- Born: 1940 (age 85–86) Alappuzha, Travancore, British India
- Occupation: Writer
- Children: 2
- Writing career
- Notable awards: Kerala Sahitya Akademi Award for Overall Contributions

= Chandrakala S. Kammath =

Indian Malayalam language writer

Chandrakala S. Kammath (also spelled as Chandrakala S. Kamath; born 1940) is a Malayalam-language writer from Kerala, India. She is the author of several novels, including Rugma, which has made into a movie, and Bhiksha and Sapatni, which have been serialised. As part of a forty-year writing career, she published her sixteenth novel Sumangala. In 2014, she was awarded the Kerala Sahitya Akademi Award for Overall Contribution, for her contributions in the field of Malayalam literature.

==Biography==
Chandrakala was born into the wealthy Gowda Saraswat Brahmin family in Alappuzha in 1940. Konkani is her mother tongue. Her father Sreeramachandra Shenoy was an agent in a private bank. When the bank collapsed, her father became a manager in a timber company in Coimbatore, but soon he lost that job and was unemployed. As the family was gone financially backward, she completed her education with the help of her uncles. After graduation, she got job as a teacher first in a private school and later in a government high school.

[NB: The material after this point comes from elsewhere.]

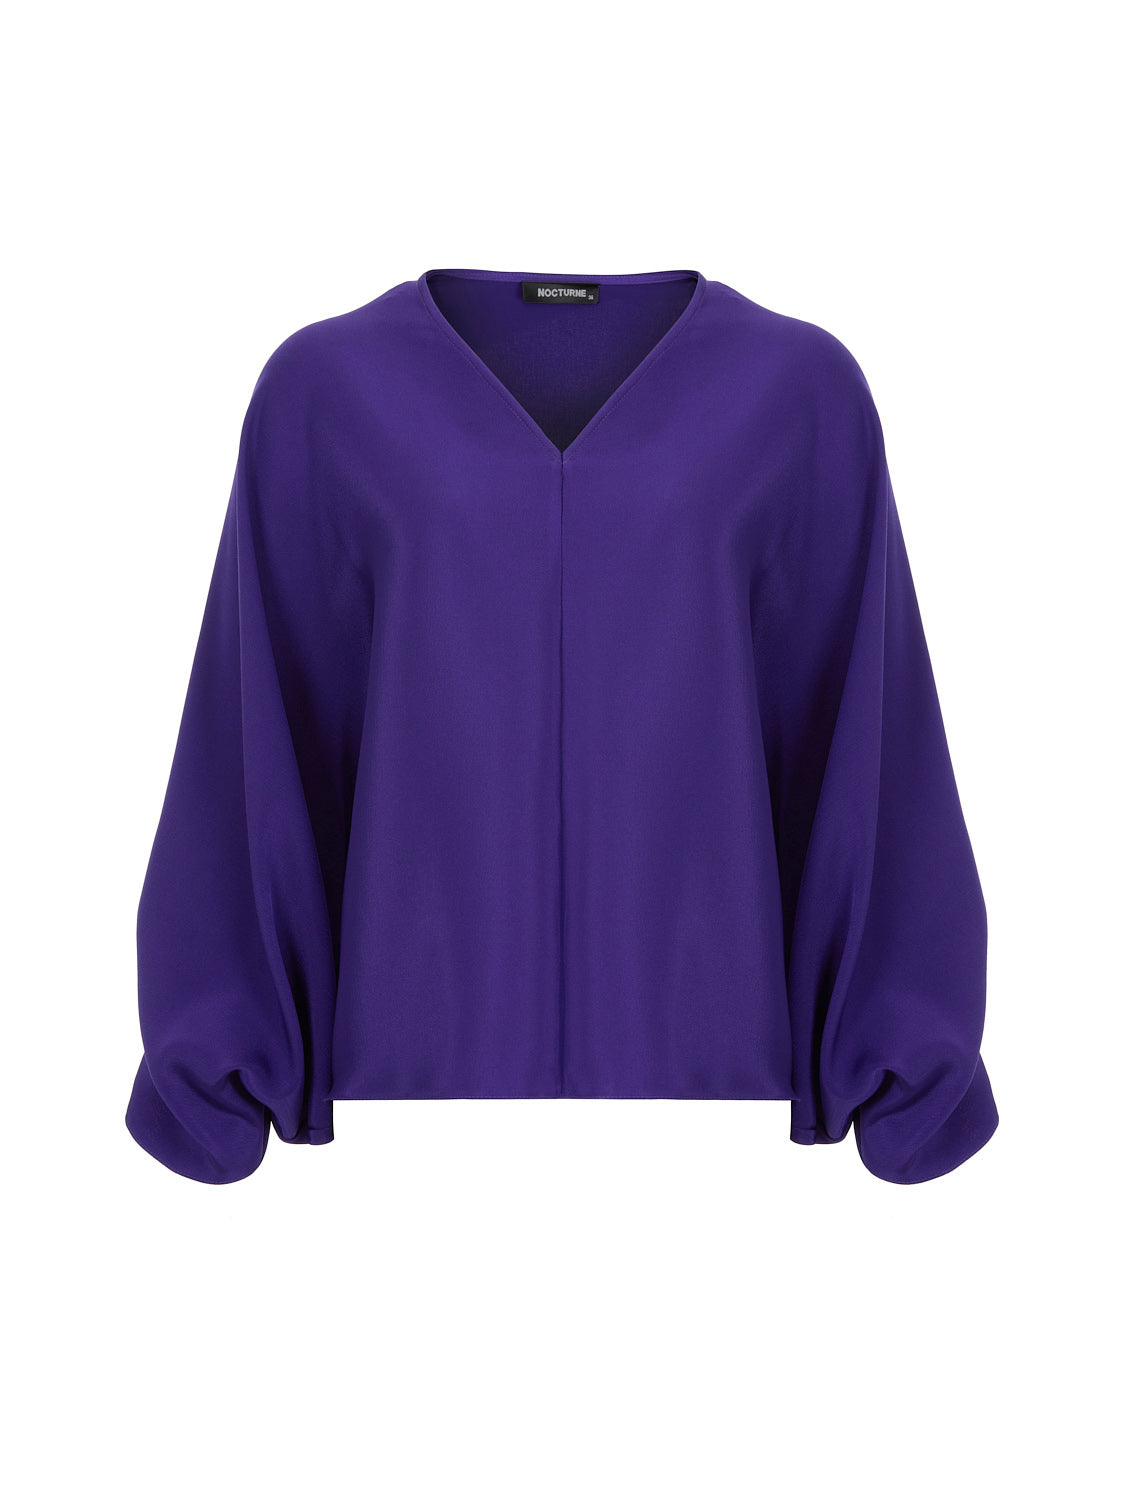 Nocturne Women's Pink / Purple Batwing Sleeve Oversized Purple Top

Chandrakala married her uncle's son who was working as a National Savings Officer in the Kollam Collectorate. After marriage she gone to Kollam from Alappuzha. They have two children.

After her husband's death, based on her own experiences, Chandrakala wrote an article titled Kungumappottazhinju and sent it to Vanitha magazine. It attracted a lot of readers, and Pisharody, who was the editor of Vanitha at the time, wrote her "You have good linguistic influence, and the writing is also good. you should continue to write stories, novels and articles. Even though not your mother tongue, your Malayalam is better". This was her inspiration to write stories and novels. In an occasion honoring her, Poet Chavara K. S. Pillai said that Chandrakala was a brave and rare writer who fought against customs from the hearth of experience.

Chandrakala has written 16 novels and more than forty short stories. Agnihotram is her first published story. Her novels and short stories were published in Manorajyam, Kunkumam and Vanitha. Chandrakala's first novel Rugma was made into a Malayalam film by P. G. Viswambharan with the same name. Sreekumaran Thampi has serialized her novel Bhiksha under the title Akshayapathram. He also serialized the novel Sapatni.

==Selected works==
- "Rugma (Novel)" (1990)
- Bhiksha (novel)
- Sapatni (novel), 2004 ISBN 8171802125
- "Ini Alpam Trimadhuram (novel)" (1991)
- "Sumangala (novel)" (2013)
- Ivide Oru Thanal Maram (novel)
- Agnihothram(novel)
- Kammatt, Candrakkala Es (1991). "Mithila (Novel)"
- Kammatt, Candrakkala Es (1996). "Vanadurgatteruvile Karavakkari (novel)"
- Muthassi Ramayanam (it's English translation is published under the titleGrandma's Rāmāyaṇa (ISBN 9781680377590) and Hindi translation under the title Ramayan Ki Kahani Dadi Ki Zubhani), Children's literature

==Awards and honors==
- Kerala Sahitya Akademi Award for Overall Contributions 2014.